### Information given

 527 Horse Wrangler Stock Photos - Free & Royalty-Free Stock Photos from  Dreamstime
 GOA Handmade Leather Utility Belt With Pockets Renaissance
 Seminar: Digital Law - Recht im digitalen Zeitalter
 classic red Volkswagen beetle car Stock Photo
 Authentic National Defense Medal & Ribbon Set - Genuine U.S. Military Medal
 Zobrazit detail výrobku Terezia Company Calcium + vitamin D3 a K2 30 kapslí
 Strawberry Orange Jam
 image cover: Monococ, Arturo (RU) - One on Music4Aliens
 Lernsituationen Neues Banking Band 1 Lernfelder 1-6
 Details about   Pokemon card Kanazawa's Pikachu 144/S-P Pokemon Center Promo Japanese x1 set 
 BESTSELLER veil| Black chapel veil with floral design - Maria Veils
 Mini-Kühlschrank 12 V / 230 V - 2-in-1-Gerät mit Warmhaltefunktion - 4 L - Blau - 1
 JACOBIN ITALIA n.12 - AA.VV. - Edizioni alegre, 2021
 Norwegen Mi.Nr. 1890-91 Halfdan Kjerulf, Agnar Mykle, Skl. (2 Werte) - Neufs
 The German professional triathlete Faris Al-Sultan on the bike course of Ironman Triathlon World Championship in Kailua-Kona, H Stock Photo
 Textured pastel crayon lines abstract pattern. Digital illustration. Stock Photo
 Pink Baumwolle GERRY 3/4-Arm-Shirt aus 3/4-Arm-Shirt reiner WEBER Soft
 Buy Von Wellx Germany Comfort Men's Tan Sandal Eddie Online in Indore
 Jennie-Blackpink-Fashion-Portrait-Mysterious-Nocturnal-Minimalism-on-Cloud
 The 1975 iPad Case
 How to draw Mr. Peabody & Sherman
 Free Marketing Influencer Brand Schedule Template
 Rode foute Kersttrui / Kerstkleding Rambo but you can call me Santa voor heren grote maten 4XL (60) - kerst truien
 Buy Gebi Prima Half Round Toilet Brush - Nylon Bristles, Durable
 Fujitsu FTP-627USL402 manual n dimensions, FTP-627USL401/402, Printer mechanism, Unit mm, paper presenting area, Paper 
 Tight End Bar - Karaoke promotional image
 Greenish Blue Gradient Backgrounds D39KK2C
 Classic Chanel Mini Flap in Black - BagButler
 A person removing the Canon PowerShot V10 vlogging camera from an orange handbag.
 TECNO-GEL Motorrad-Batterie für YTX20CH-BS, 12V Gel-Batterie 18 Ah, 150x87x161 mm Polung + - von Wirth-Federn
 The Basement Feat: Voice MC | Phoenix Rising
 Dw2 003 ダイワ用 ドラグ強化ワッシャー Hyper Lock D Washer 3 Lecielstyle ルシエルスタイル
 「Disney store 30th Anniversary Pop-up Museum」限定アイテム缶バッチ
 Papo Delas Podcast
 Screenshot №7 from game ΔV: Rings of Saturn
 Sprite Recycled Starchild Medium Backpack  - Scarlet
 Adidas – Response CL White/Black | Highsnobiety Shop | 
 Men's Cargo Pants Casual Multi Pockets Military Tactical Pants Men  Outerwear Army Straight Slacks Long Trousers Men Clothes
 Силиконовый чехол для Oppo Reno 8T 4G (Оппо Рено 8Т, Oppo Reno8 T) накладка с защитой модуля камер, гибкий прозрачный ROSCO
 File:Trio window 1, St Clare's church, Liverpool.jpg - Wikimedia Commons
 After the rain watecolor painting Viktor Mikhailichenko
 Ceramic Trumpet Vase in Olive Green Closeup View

### Work request
When the string "from" occurs in a line of the material, that line belongs in the answer.

### Response box
 527 Horse Wrangler Stock Photos - Free & Royalty-Free Stock Photos from  Dreamstime
 A person removing the Canon PowerShot V10 vlogging camera from an orange handbag.
 Screenshot №7 from game ΔV: Rings of Saturn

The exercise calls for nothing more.